Star Wars is one of the most iconic and well-known film franchises of all time, and decades after the original film’s release, golden nuggets of lore and production information are still being discovered by historians and fans alike. A little while ago, actor Peter Mayhew — the original, iconic Chewbacca from Star Wars — had begun sharing pages from his original script and revealing story changes, behind the scenes additions, and much more.
This week, Mayhew’s post practically broke the internet while standing to show just how long the developmental process on films can be, and how quickly things can change. Mayhew has been sharing these pages in a lead-up to a major announcement, which remains a mystery. In his latest post, the “#chewscript” shows that Obi-Wan (“Ben”) Kenobi, portrayed by Sir Alec Guinness, was not meant to die during his battle with Darth Vader in an earlier cut of the script. Instead, the battle was supposed to end abruptly, with Luke Skywalker coming to his master’s aide just in time to escape the hangar.
The confrontation between the former Master and Padawan duo was actually supposed to last much longer, with particular athletics from Ben that may not have worked within the film’s limits. Ben was supposed to turn around at the last second and shut Vader into the access tunnel where they fought, seperating the two with amassive automatic door, before turning to face legions of stormtroopers. Luke, Han and Leia arrive just in time to get Ben onto the Falcon, and the group blasts away from Vader, who is now tracking their every move. What makes this particular bit of information both interesting and ironic is how it seems to parallel the idea that in Star Wars: The Force Awakens, Poe Dameron was meant to die during the crash on Jakku. Actor Oscar Isaac asked if that could change, and Poe went on to become a wildly popular character.

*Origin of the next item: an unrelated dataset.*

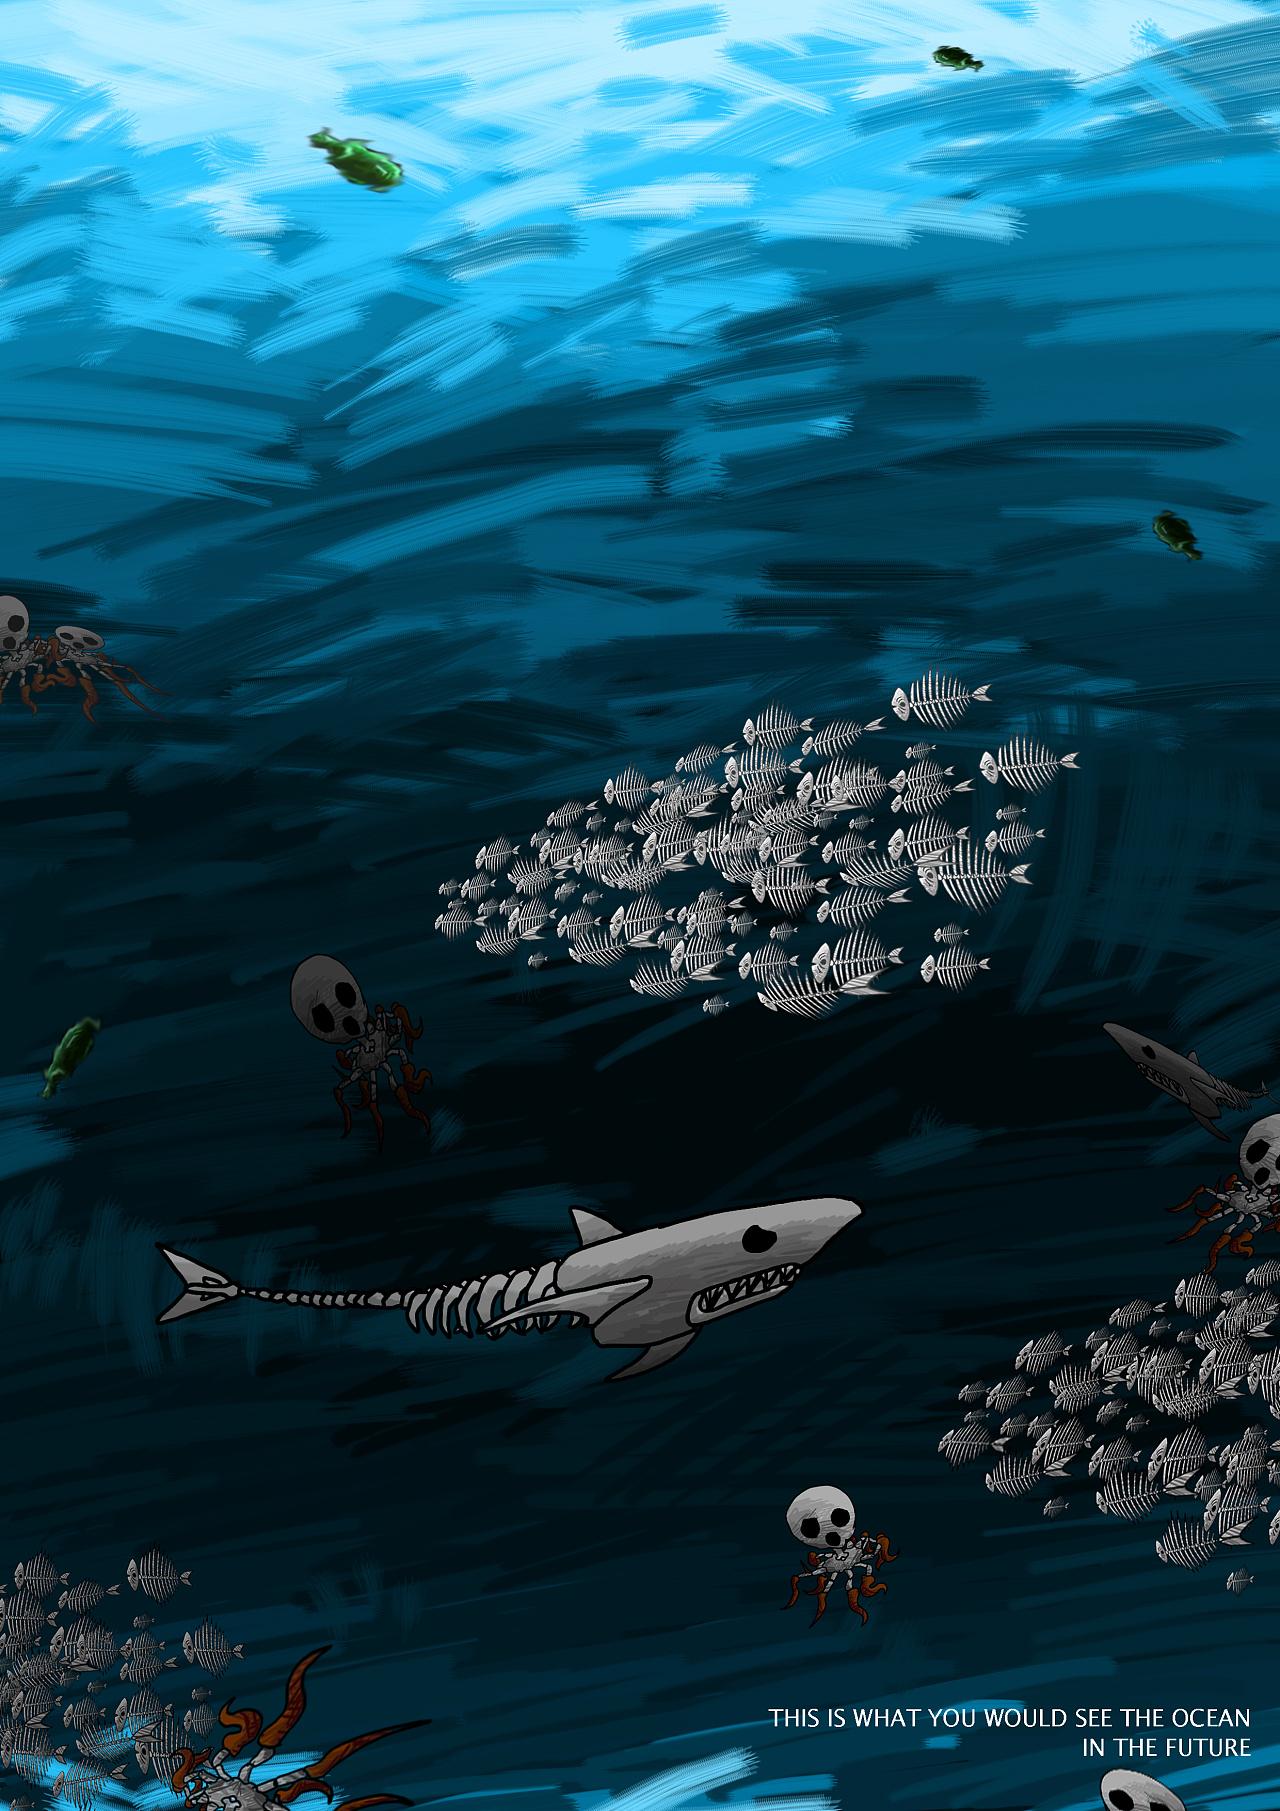 海洋环境保护公益海报

On the flip side, Obi-Wan was meant to live and continue training Luke after their first confrontation with Vader. Other interesting bits of info include the fact that the word ‘Sith’ had been in play so early in scripting, and that this confrontation would have been the first time Luke wielded his lightsaber in front of the Imperials. Mayhew’s scripts have been an interesting look at Star Wars in development; ideas that were scrapped and insight on why are there for the hungry film nerd to collect, along with a great look at the original images (though script description) that Lucas had in mind for what would eventually be known as Star Wars: A New Hope.
As for the script reveal itself, this might serve as another lesson to those among us who are hunting for movie spoilers: no matter what you find early on, things that were solid in early cuts in the script can — and will — change. Just as concept art can go through hundreds of phases, scripts can be changed right on set, and this memory from the development of Star Wars is a reminder that films that we as fans can recite word-for-word could have been radically different at one time.
Rogue One: A Star Wars Story will see theatrical release in the U.S. on December 16th, 2016, followed byStar Wars: Episode VIII on December 15th, 2017; the Han Solo Star Wars Anthology film on May 25th, 2018; Star Wars: Episode IX in 2019; and the third Star Wars Anthology film in 2020.